Canada Mortgage and Housing Corp.'s (CMHC) plan to introduce Canada Mortgage Bonds (CMBs) - bonds that feature semi-annual interest payments, a repayment of principal at maturity and payment guarantee by CMHC - will have both a good and bad effect on the Canadian securitization market, sources say.
These bonds will be issued through a special purpose trust called Canada Housing Trust. Proceeds from the sale of these bonds will be used to buy mortgage-backed securities. Bondholders will be paid with the interest and principal from the funds derived from the underlying mortgages.

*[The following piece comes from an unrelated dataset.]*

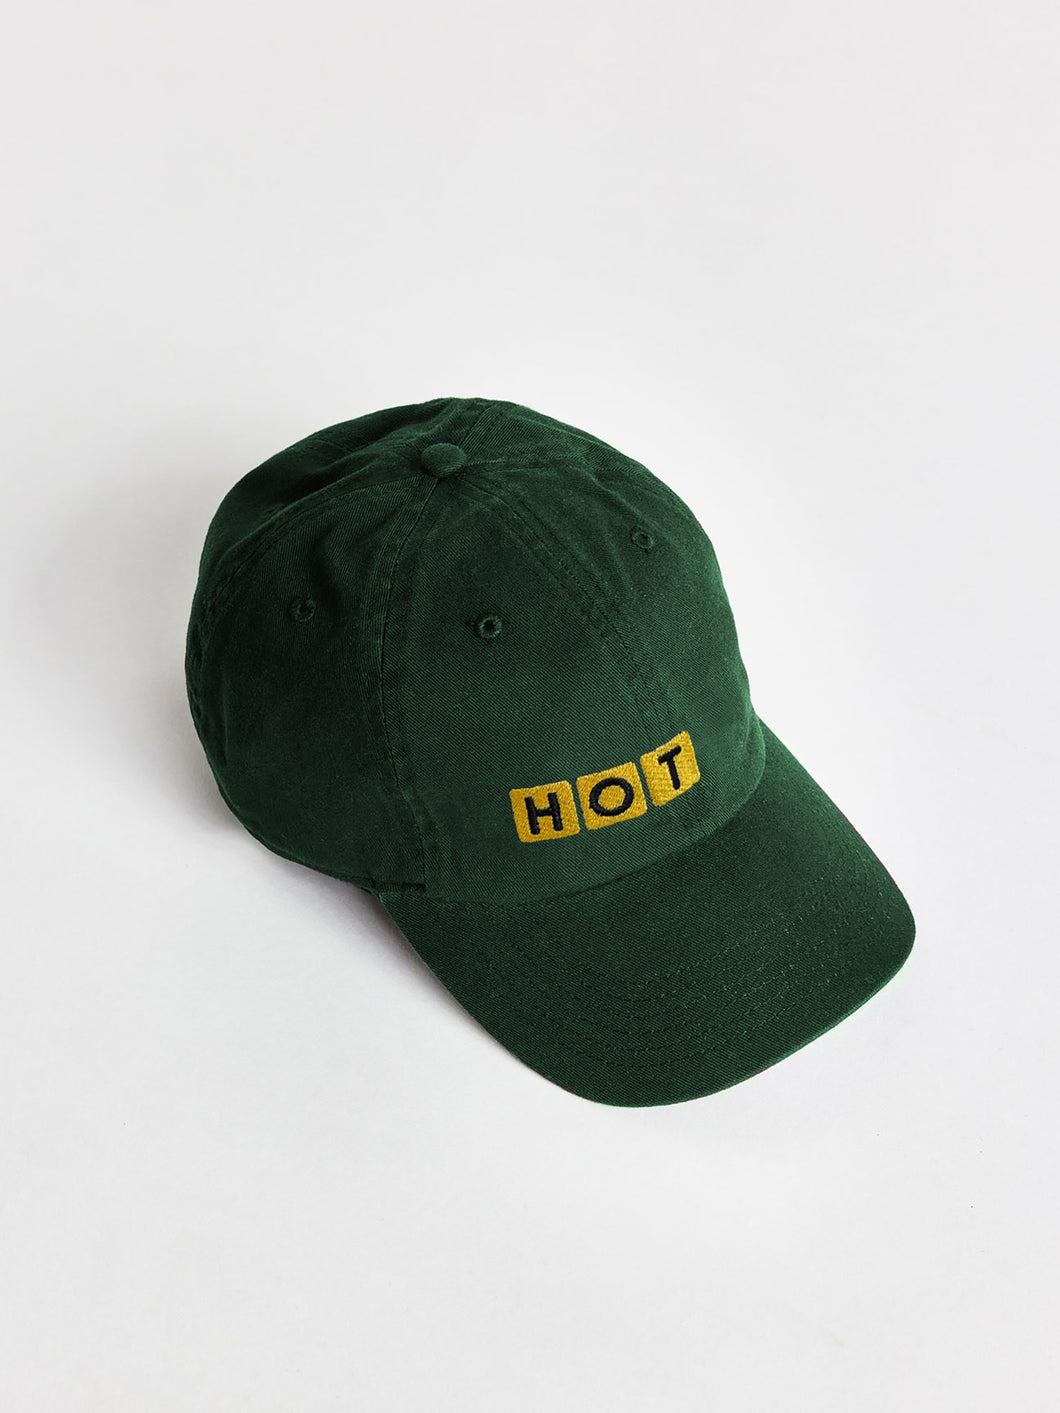 HOT Hat Racing Green

These semi-annual bullet bonds, although backed by residential mortgages, (because they carry a government guarantee on them), will be trading like a structured government product rather than a triple-A spread product the way asset-backed securities do.
The CMHC currently issues unsecured debt somewhere between15 basis points or so above equivalent government of Canada (GOC) bonds. Market sources say that CMBs would likely trade inside of 15 basis points because of the volume of issuance that they could create. The significant volume will make them almost as liquid as government bonds.
"For people that were traditionally buyers of government securities that have not made the transition to buying triple-A asset-backeds, it would probably be a welcome halfway house," said David Allan, head of securitization at CIBC World Markets. "They won't have to get themselves over the complexity hurdle of buying triple-A structured spread product; instead, they can migrate just to this structured government debt."
Although the program would be a big source of product for the Canadian securitization market, experts say that the program may crowd out opportunities for asset-backed product and other triple-A products that trade at a higher spread because such securities do not carry any government guarantee.
The program, CMHC said, would likely begin in the spring.